Data extract »
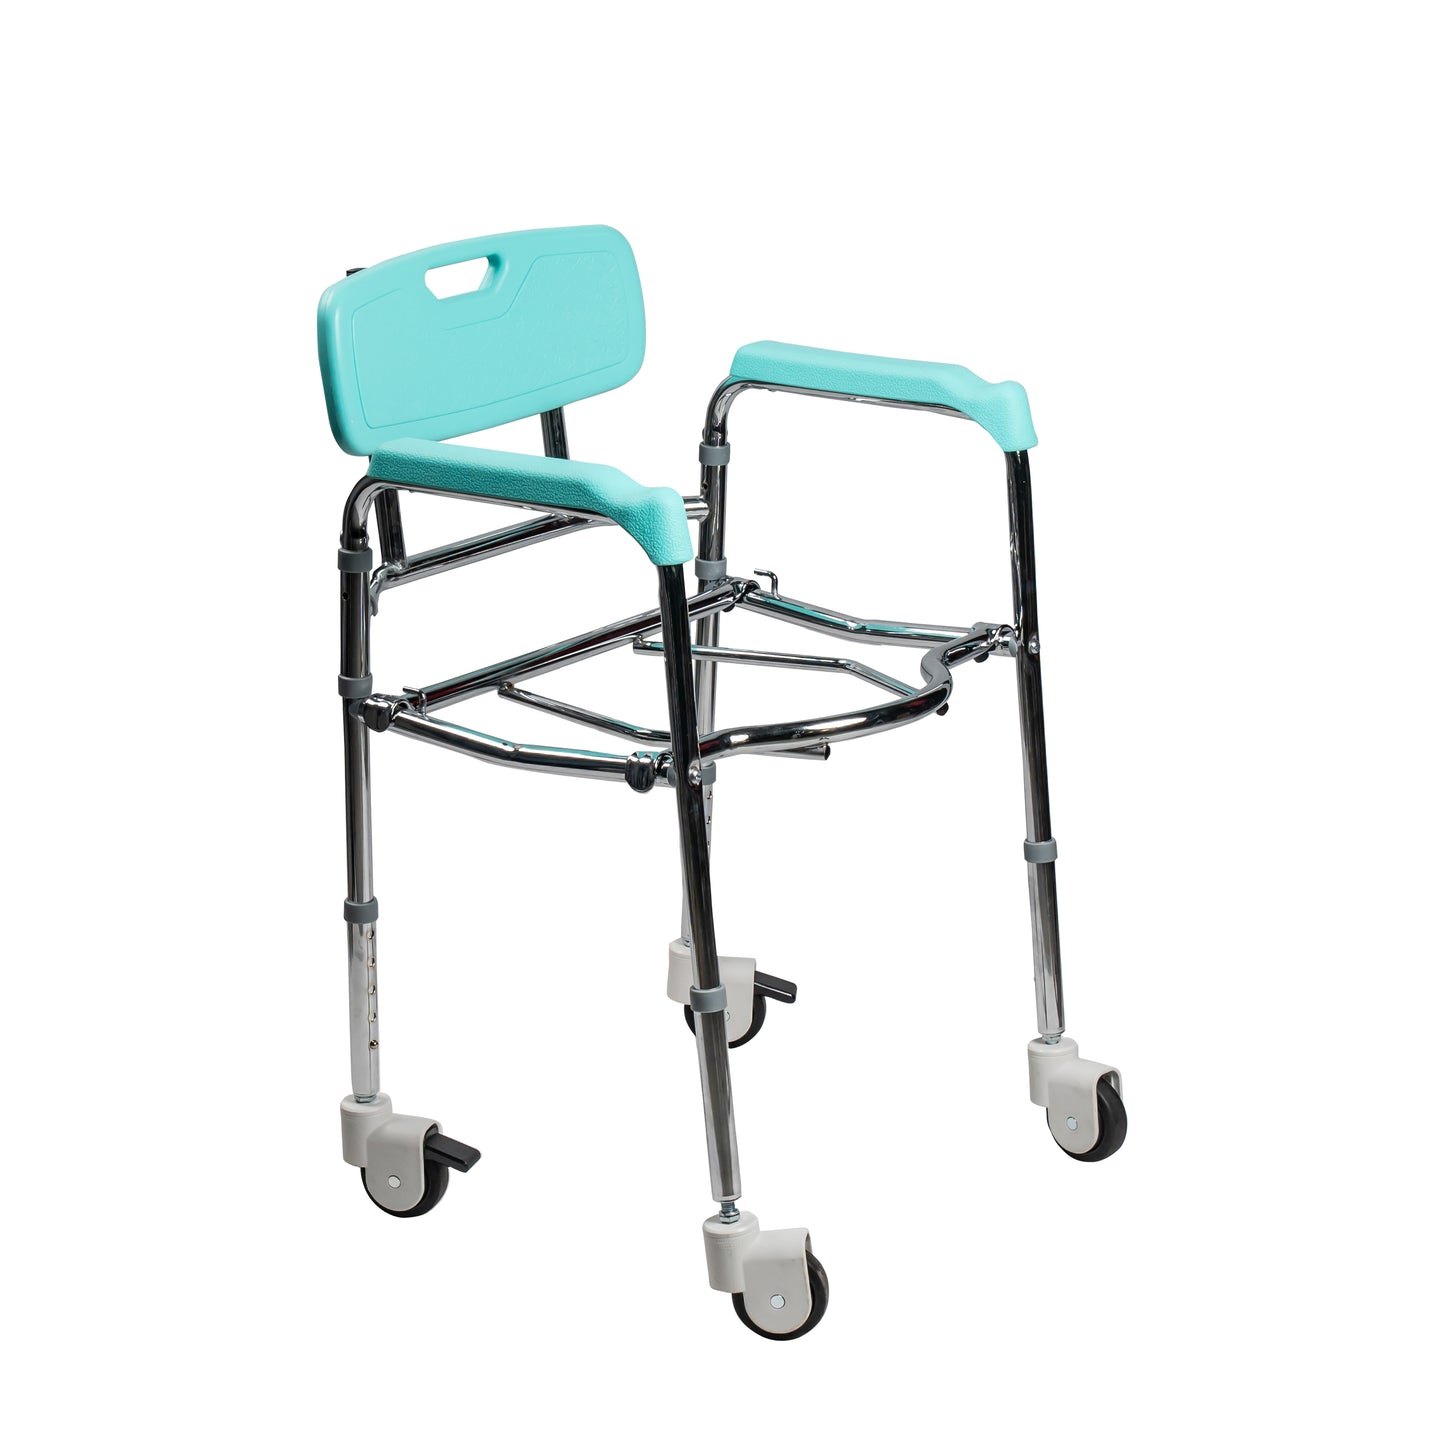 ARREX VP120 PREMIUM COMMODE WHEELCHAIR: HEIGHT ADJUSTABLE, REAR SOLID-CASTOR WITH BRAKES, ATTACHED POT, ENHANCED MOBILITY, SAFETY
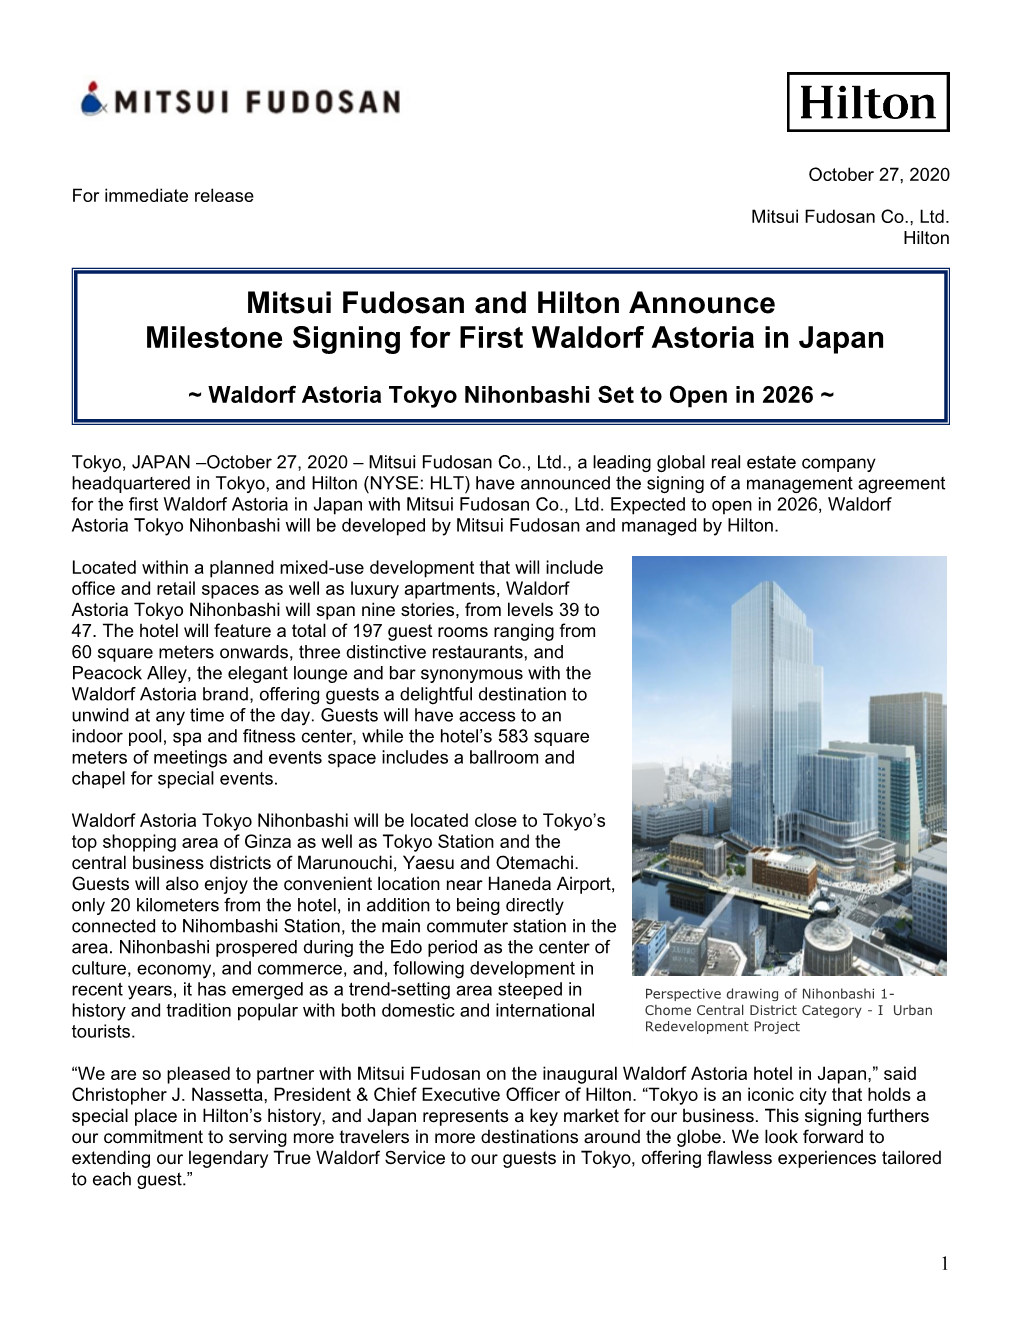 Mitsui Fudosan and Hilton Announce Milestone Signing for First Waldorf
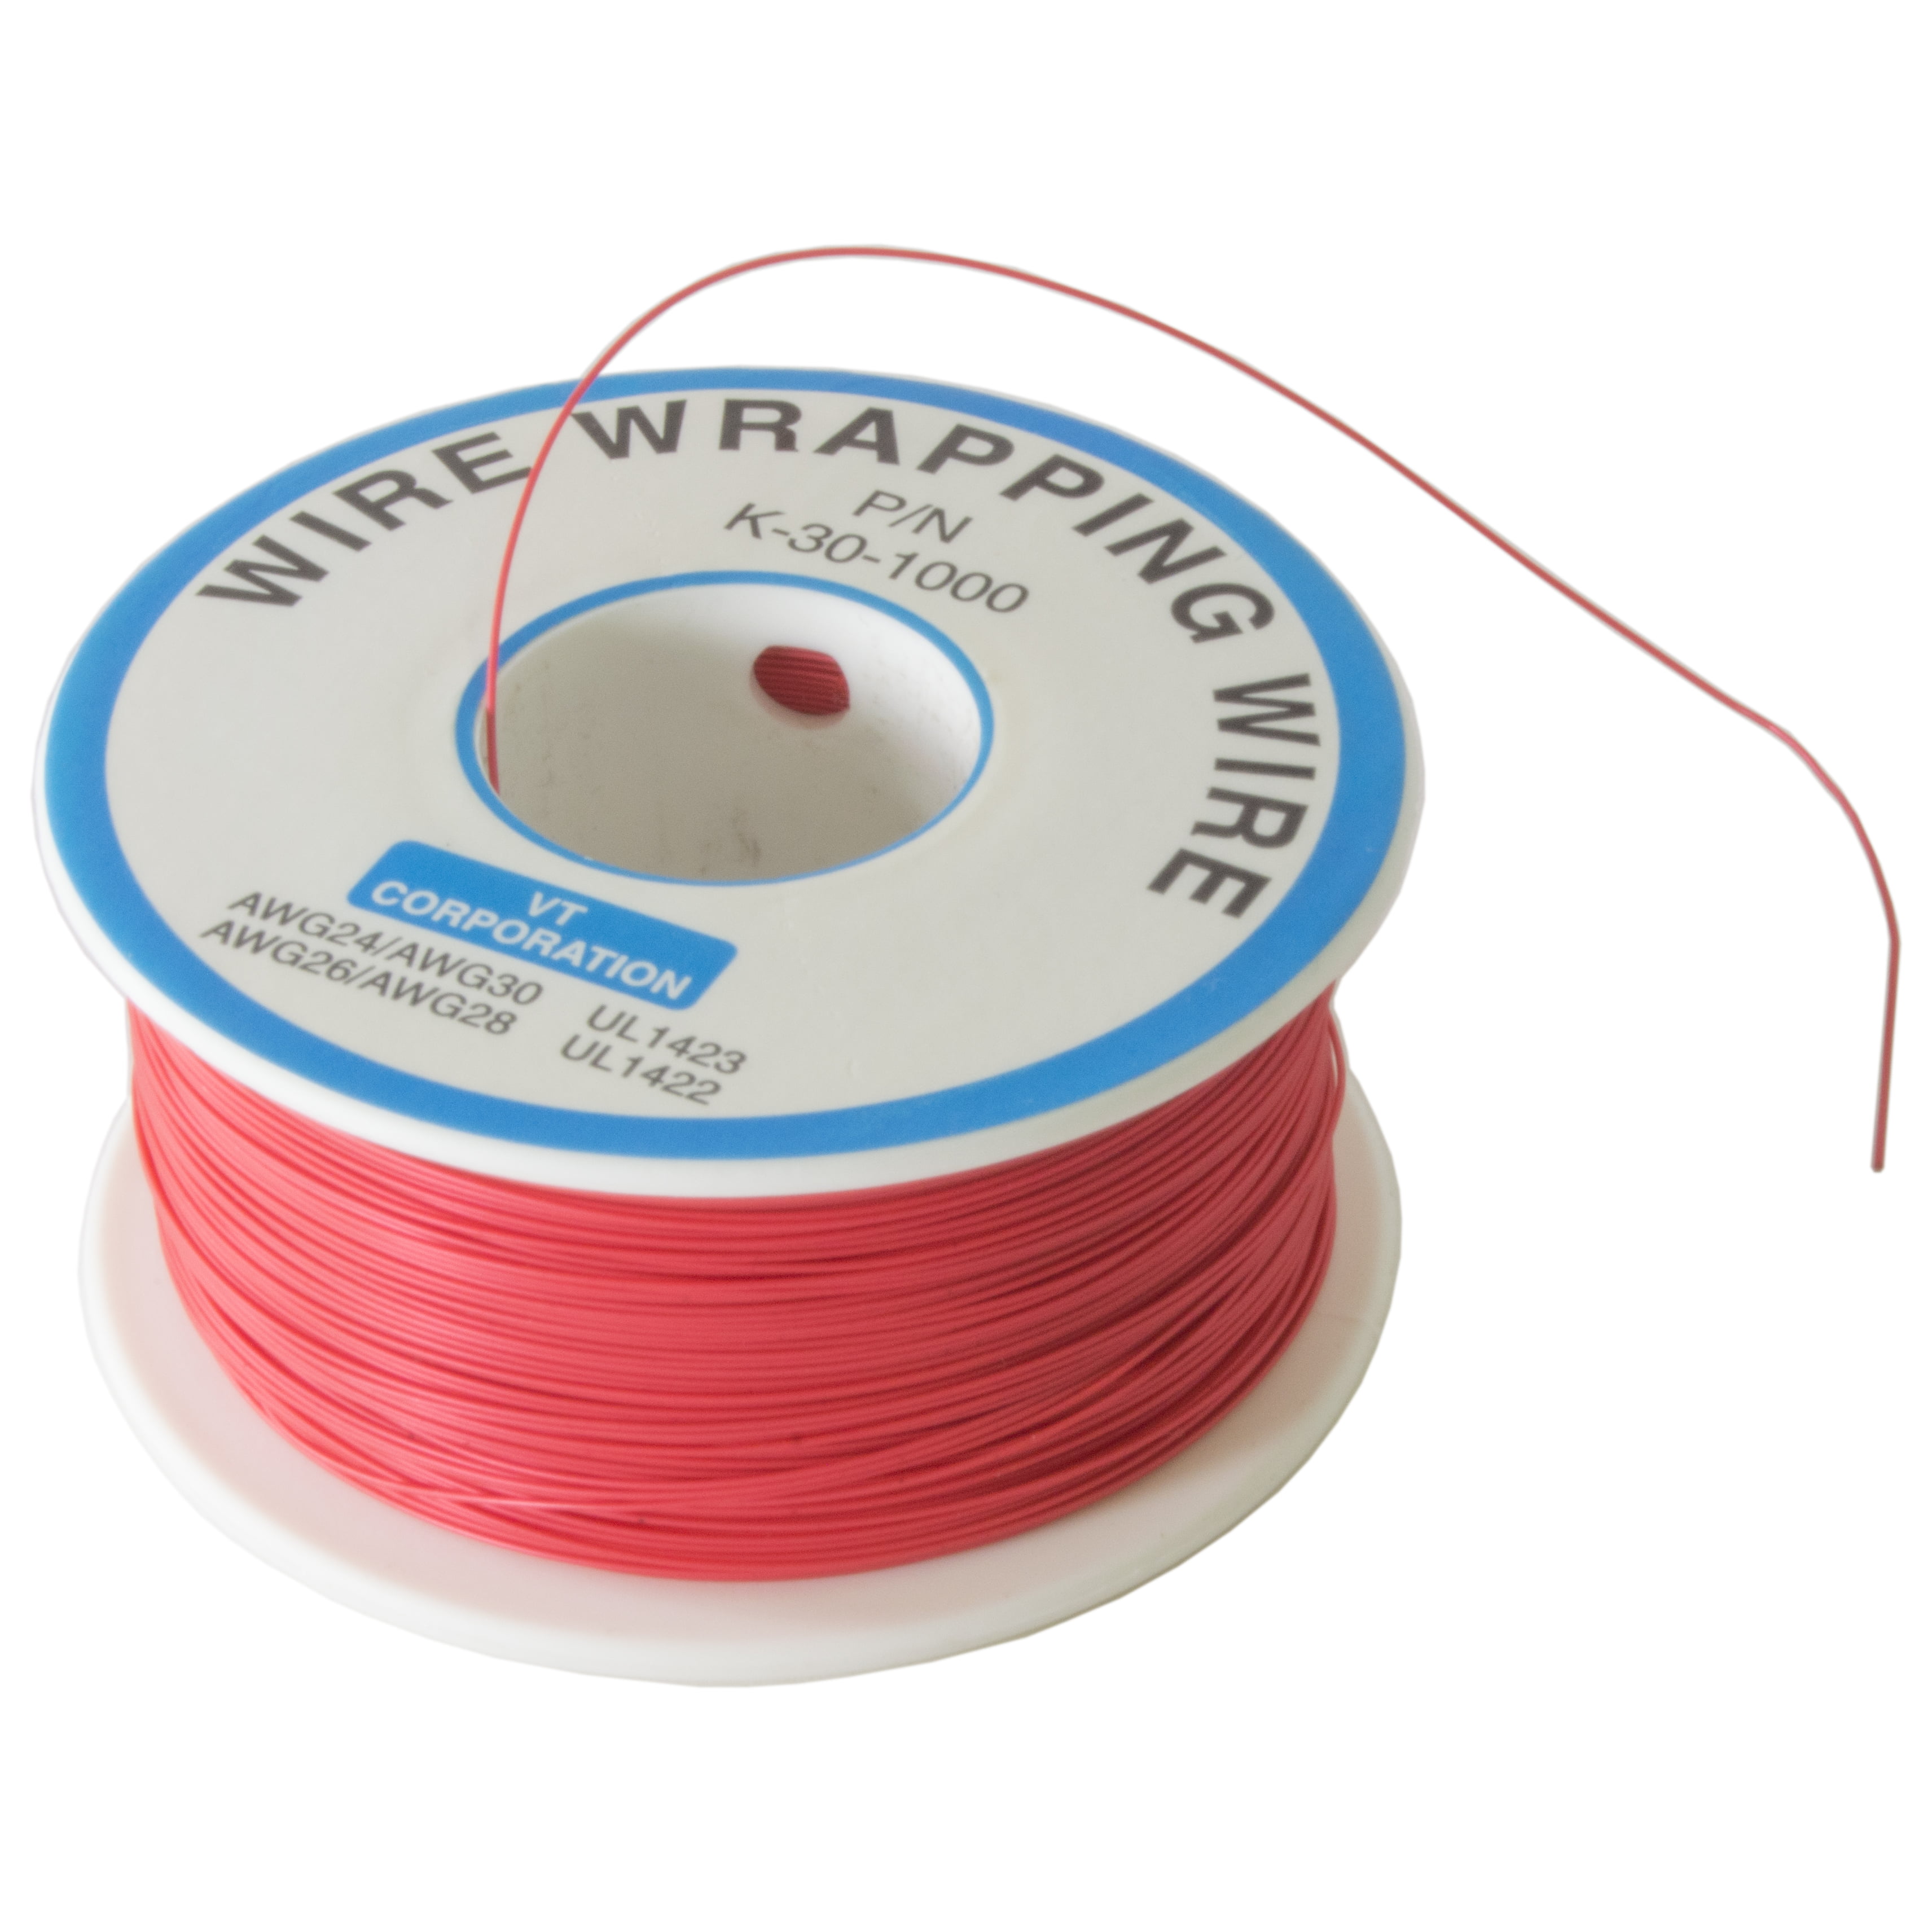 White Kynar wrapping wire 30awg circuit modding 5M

Assignment »
With the pictures removed, return the data above word for word.

Solution for this problem »
 ARREX VP120 PREMIUM COMMODE WHEELCHAIR: HEIGHT ADJUSTABLE, REAR SOLID-CASTOR WITH BRAKES, ATTACHED POT, ENHANCED MOBILITY, SAFETY
 Mitsui Fudosan and Hilton Announce Milestone Signing for First Waldorf
 White Kynar wrapping wire 30awg circuit modding 5M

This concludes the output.